After months of ambiguity, Kenyan military units have finally reached the beginning of their primary mission in southern Somalia. Bogged down in a rainy season and forced to guard their rear (and the border area behind them) from al-Shabaab insurgents - Kenyan troops never marched to the beat of a public time-line. Some two months after Operation Linda Nichi commenced, their commanders were forced to clarify whether they would even advance on Kismayo, al-Shabaab's main port and last bastion. Only weeks ago an Ethiopian commander boasted of his ability to seize Kismayo, in the process declaring that Nairobi was supposed to attack during Ethiopia's February offensive along Somalia's western border.

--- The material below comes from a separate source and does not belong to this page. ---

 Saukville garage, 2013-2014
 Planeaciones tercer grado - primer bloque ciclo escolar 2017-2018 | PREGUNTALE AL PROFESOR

Whether deception or unrealistic expectations are responsible for the current schedule, Kenyan forces are still approaching an opportunity to accomplish the clearing phase of the mission on schedule: August's expiration of the UN-mandated Transitional Federal Government (TFG). Having finally taken Afmadow, a strategic town located along the Lagh Dara tributary, Kenyan war planes and naval vessels have begun softening Kismayo for a ground assault. Abdinasir Serar of the allied Ras Kamboni says the main operation is expected to start in the coming weeks, and will involve Kenyan, TFG, AU and proxy forces.
Ethiopian troops and armor stationed several hundred miles north are likely to be utilized as the reserve force.
Ethiopian troops and armor stationed several hundred miles north are likely to be utilized as the reserve force.
Once again, the question of whether Nairobi organized this strategy from the beginning remains obscured to outsiders. Competing media narratives have yet to decide whether Kenyan forces were designated to independently secure Kismayo and Somalia's southern front, or if AU units planned to converge in a joint-attack. Whatever the case, all AU members intended to pressure al-Shabaab on every front and collapse the group into a corner, and AU/TFG forces have built enough momentum to approach Kismayo from the north. Instead of one or two-dimensional assault, Sarar predicts that Kenyan naval forces will land in the port as Somali-allied ground troops advance from all directions.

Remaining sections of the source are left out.